- **Problem details**
The full listing, word for word and free of images, is the expected result.

- **Data section**
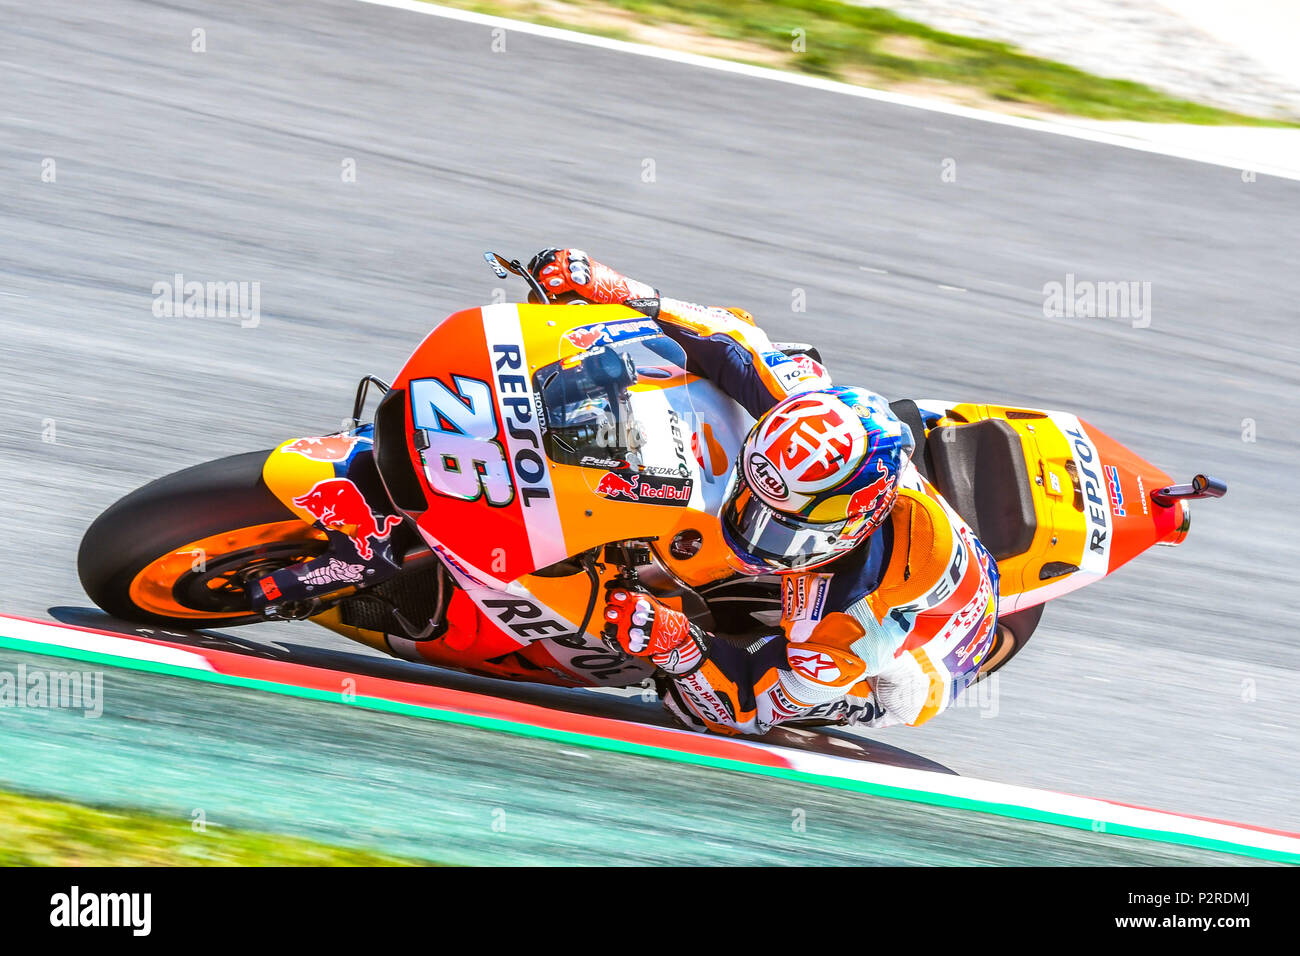 Montmelo, Spain. 16th Jun, 2018. DANI PEDROSA (26) of Spain during the MotoGP  qualifying session of the race of the Catalunya Grand Prix at Circuit de  Barcelona racetrack in Montmelo, near Barcelona
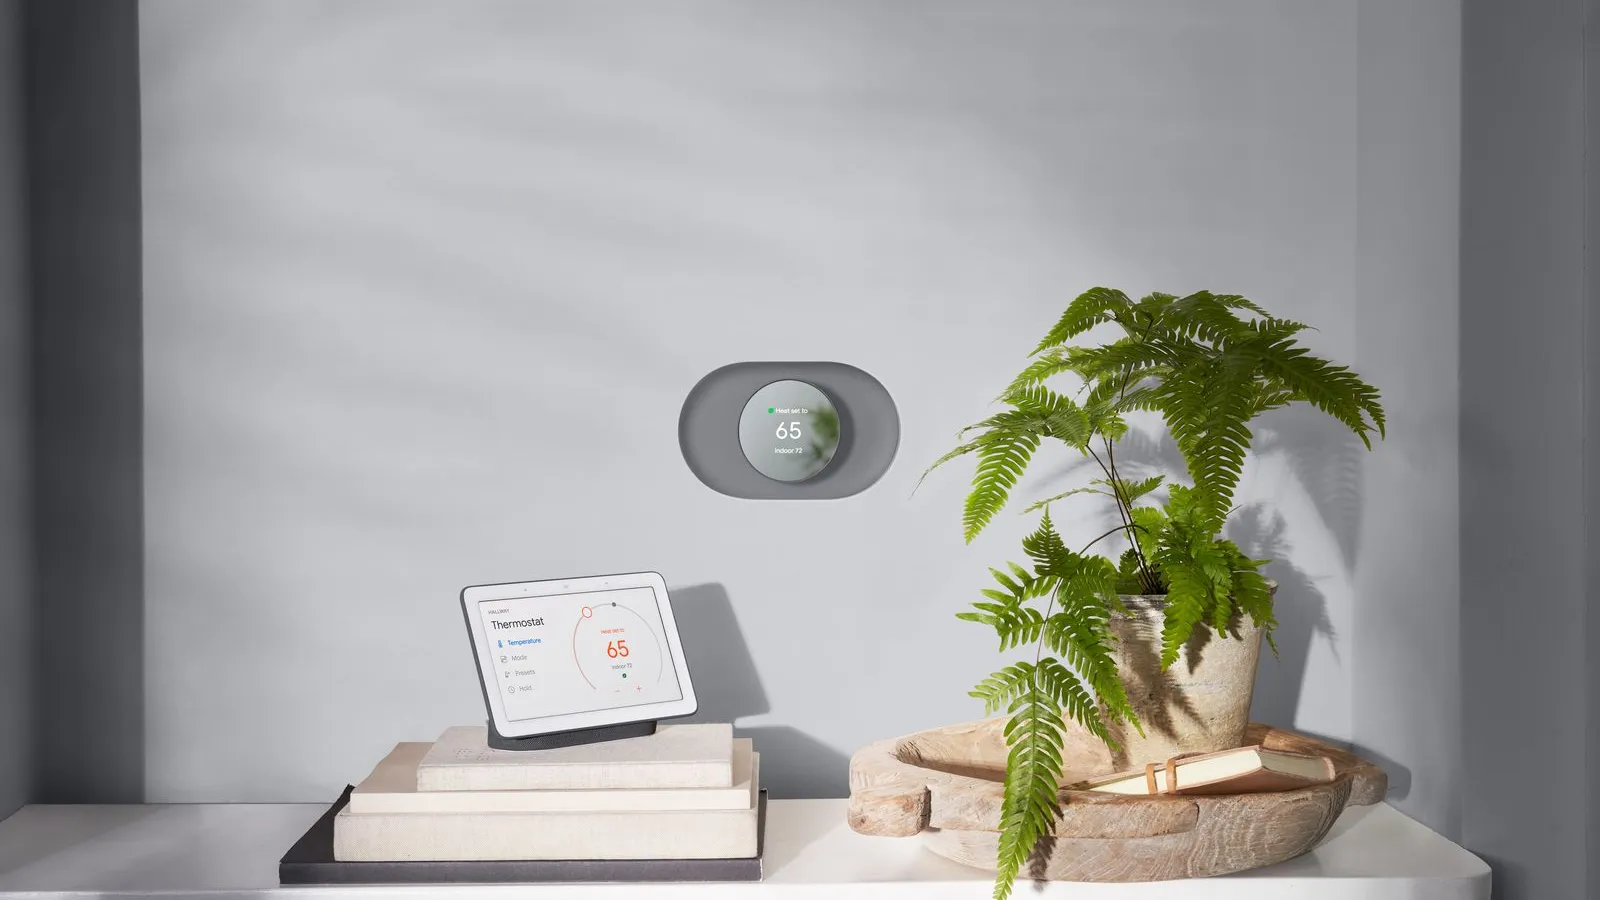 “Can Smart Home Technology Really Save Me Money?”
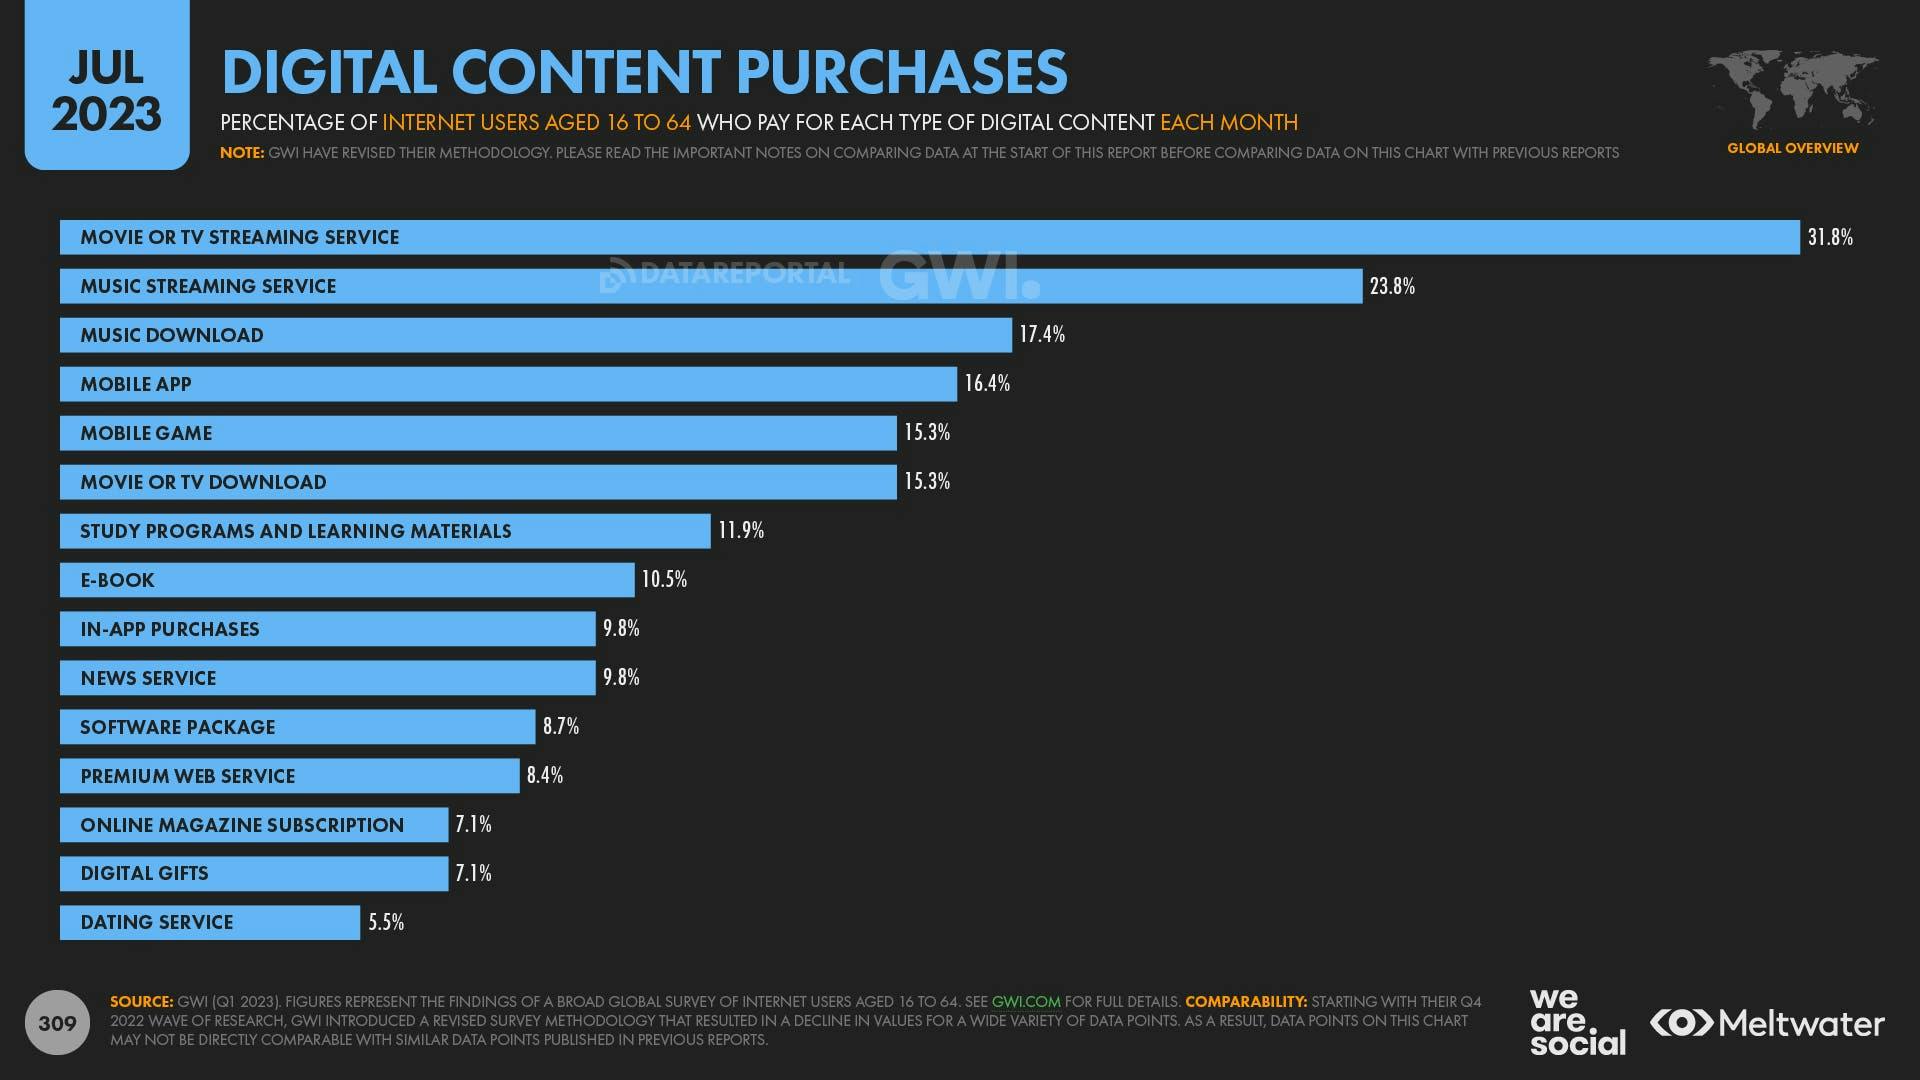 A bar chart showing the percentage of internet users who pay for each type of digital content each month.
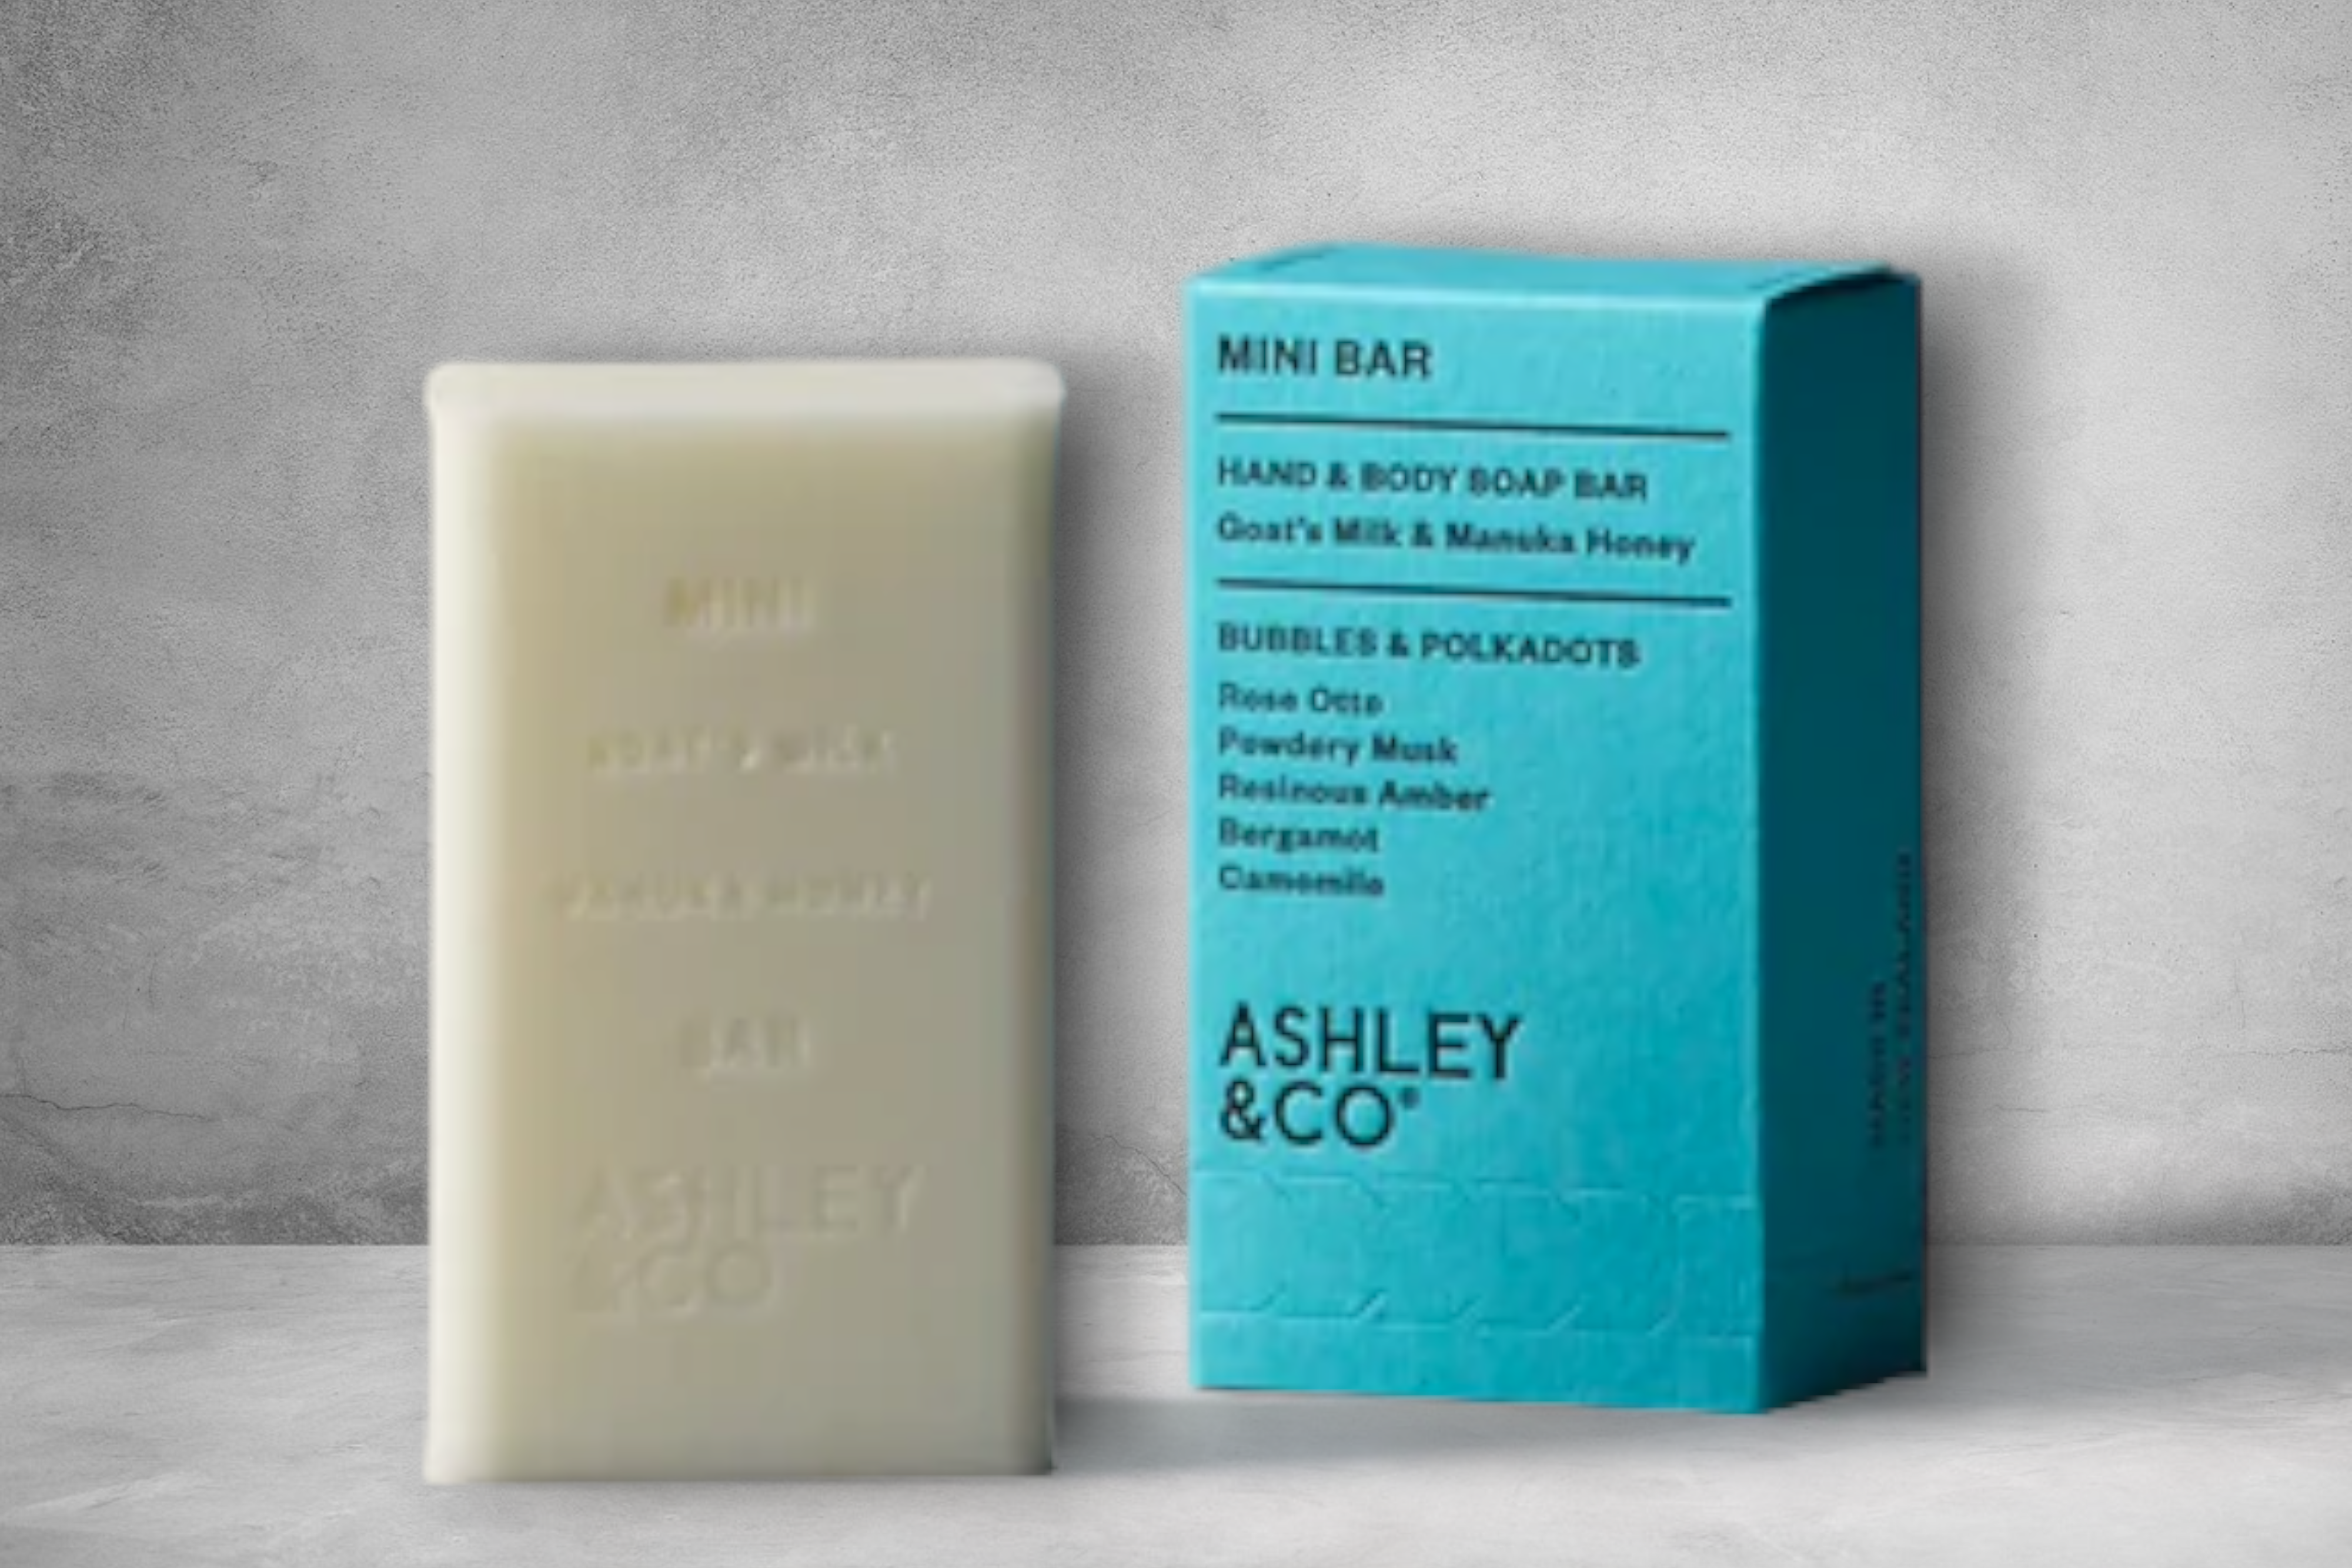 A Bubbles & Polkadots Mini Bar of soap next to its vibrant blue packaging, highlighting the natural ingredients and scents offered by the Ashley & Co brand, featuring Manuka and goats milk.

- **Answer to the problem**
 Montmelo, Spain. 16th Jun, 2018. DANI PEDROSA (26) of Spain during the MotoGP  qualifying session of the race of the Catalunya Grand Prix at Circuit de  Barcelona racetrack in Montmelo, near Barcelona
 “Can Smart Home Technology Really Save Me Money?”
 A bar chart showing the percentage of internet users who pay for each type of digital content each month.
 A Bubbles & Polkadots Mini Bar of soap next to its vibrant blue packaging, highlighting the natural ingredients and scents offered by the Ashley & Co brand, featuring Manuka and goats milk.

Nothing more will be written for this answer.